Question

A hollow prism with side ABCD as open is kept in a region of electric field E. The field is parallel to the sides. BEC and AFD. Find the flux coming out of the pyramid?

• A. $Ela$
• B. $0$
• C. $2Elacos{30}^0$
• D. None of these

Answer 1

The correct option is A

$Ela$

The pyramid has 4 sides.
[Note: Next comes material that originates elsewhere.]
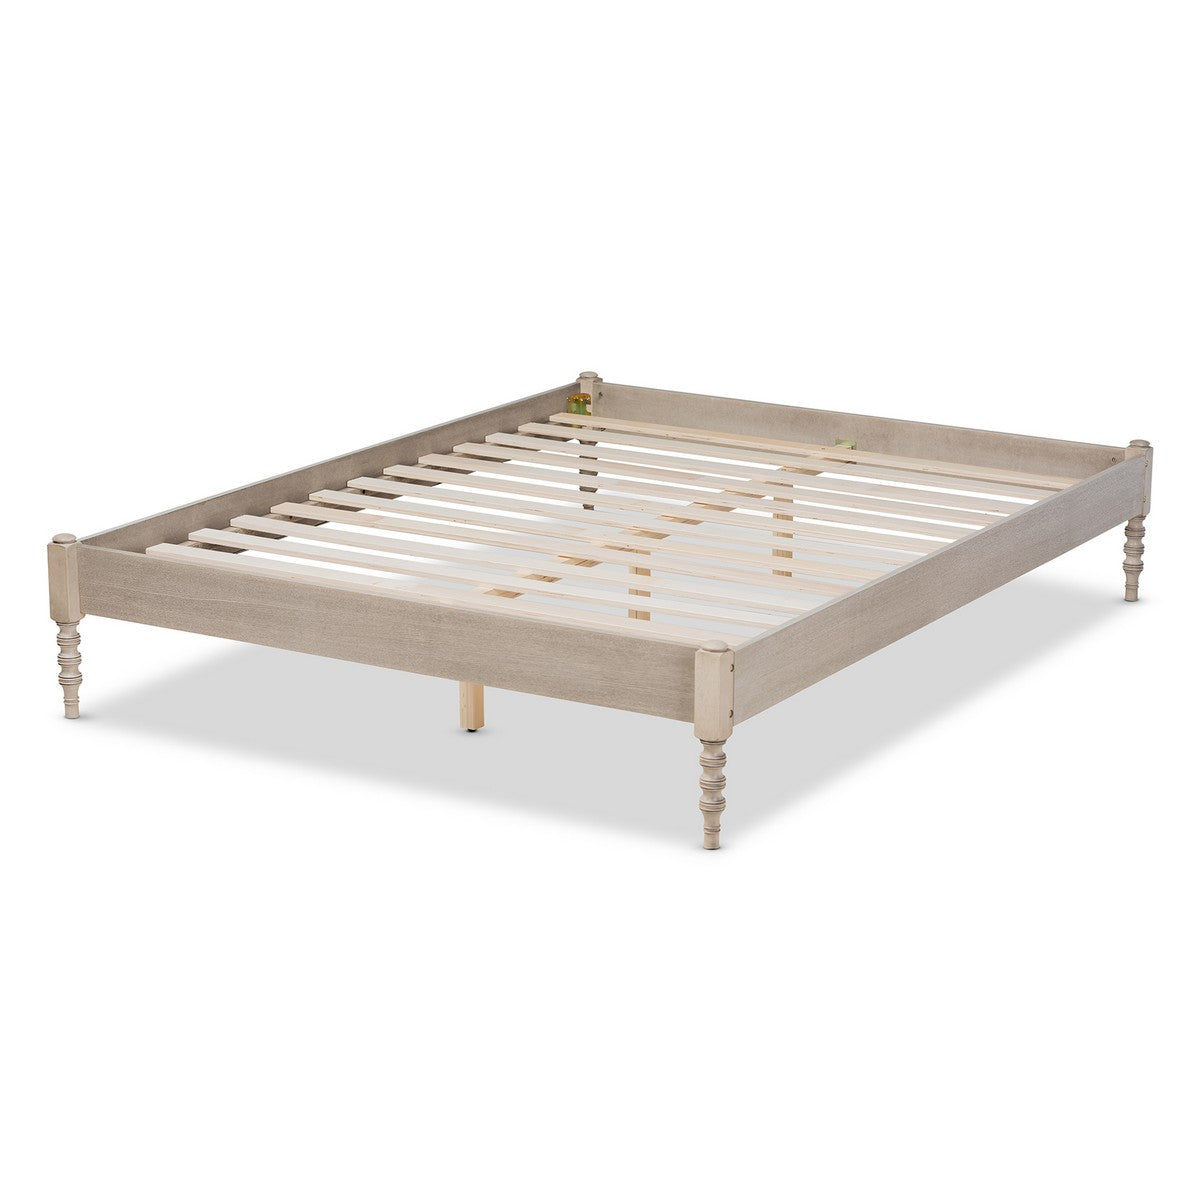 Baxton Studio Cielle French Bohemian Antique White Oak Finished Wood Queen Size Platform Bed Frame

Not counting ABCD, as its open

Flux $=\int \overrightarrow{E}.\overrightarrow{ds}$

$=\int Eds\cos \theta$

$=E{s}_{1}cos{\theta }_1+E{s}_{2}cos{\theta }_2+E{s}_{3}cos{\theta }_3+E{s}_{4}cos{\theta }_4$

$s_1,s_2,s_3$ and $s_4$ are four areas through which the field is going through.
Here,
$s_1=$ area AFEB
$s_2=$ area DFEC
$s_3=$ area BEC
$s_4=$ area AFD

From the side view its evident that
$△$BEC is equilateral and $\angle CBE={60}^0$ so ${\varphi }_1=Ela\cos {60}^{\circ }\Rightarrow {\varphi }_1=\frac{Ela}{2}$

Similarly for the surface DFEC,

${\varphi }_2=\frac{Ela}{2}$

Now what about surface BEC. The flux line is parallel to it. This is given in the question itself. So flux will be perpendicular to the area vector.

$\theta =90$

$\cos \theta =0$

so flux through BEC = 0

Similarly flux through AFD = 0

Net flux $=\frac{Ela}{2}+\frac{Ela}{2}+0+0=Ela$